Dave Ramsey’s Entreleadership: Conquering the Fear of Failure

*Published with permission in the April, 2015 Newsletter*

Running a business can be scary. You put your heart and soul into your company and can’t imagine doing anything else. Then, you realize that no matter how successful you are, you might be just a few bad decisions away from losing your dream and disappointing your team.
Luckily, it doesn’t have to be this way. In my EntreLeadership Master Series I teach people to face their fears. I talk about how, years ago, fear paralyzed my decision-making abilities until I came up with a system. In fact, one of the core values of my company today is that decisions are never made based on fear.

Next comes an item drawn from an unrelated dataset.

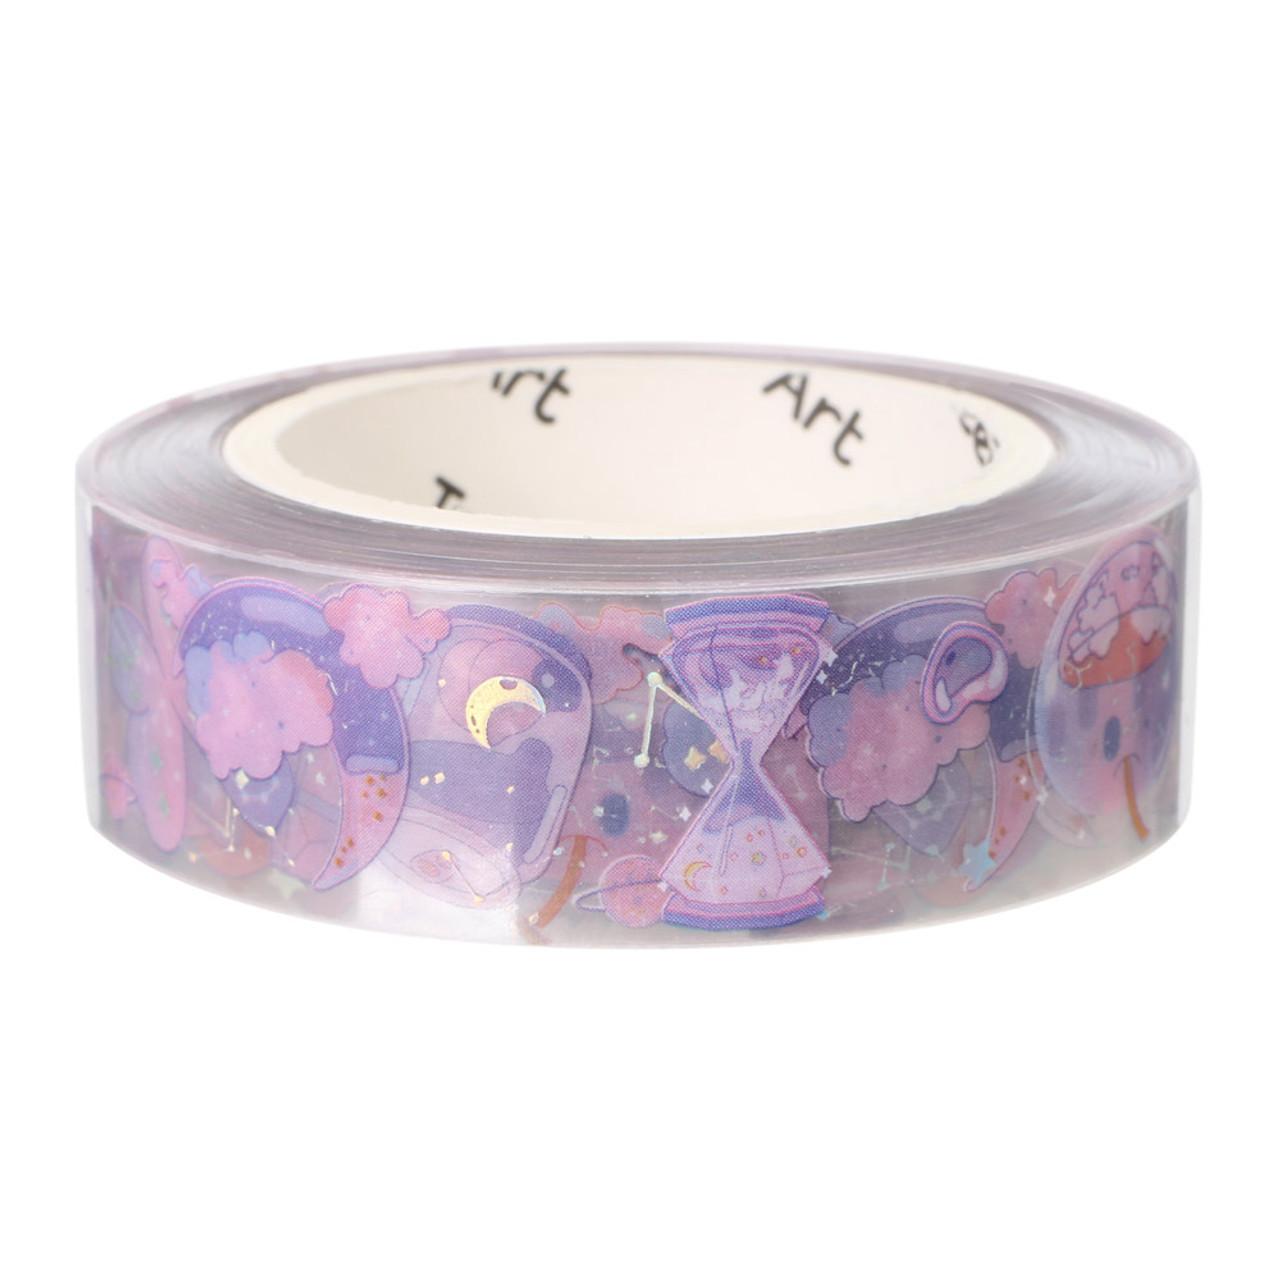 Crystals Age PET Masking Tape - Tea ( Deco Tape )

So, how can you conquer your fear of failing?

1. Face up to it
You’re going to mess up at some point, and that’s okay. Own up to it, and realize you’re likely to stumble many times before you achieve success. Henry Ford, Bill Gates and Thomas Edison all screwed up numerous times before they hit it big. As Eleanor Roosevelt said, “You gain strength, courage and confidence by every experience in which you really stop to look fear in the face.”

2. What’s the worst that can happen?
Always take into account a worst-case scenario when exploring new projects or options for your company. Ask yourself, Will we be able to survive if this new idea falls apart? When the answer is yes, the decision is no longer so frightening. Once you realize you’re not going to die from making a decision — even if it turns out to be the wrong decision — it releases you to make the call.

3. Talk it out
Remember how it was always better to have a friend by your side when you faced something scary as a kid? The same holds true for adults.
Find a business mentor who has been through tough times. Discuss your biggest fears with them. Once those concerns are out in the open, and you’ve gained insight through another person’s point of view, you just might find that they’re more manageable.

4. Always have a contingency plan
Having several options is a great fear killer. For example, use several vendors so you aren’t relying on just one. That way, if something goes wrong, you already have a back-up plan. Options give you power, and power lessens fear.

Now, understand this. There will always be some fear associated with your endeavour. Whether it’s being scared of losing customers, revenue or even being sued, these are all legitimate concerns. But it’s how you handle them that can mean the difference between success and failure.

It’s wise to recognize that some fears may be well founded, and you should not ignore the potential consequences of the decisions you make. But never, ever allow the spirit of fear to drive you!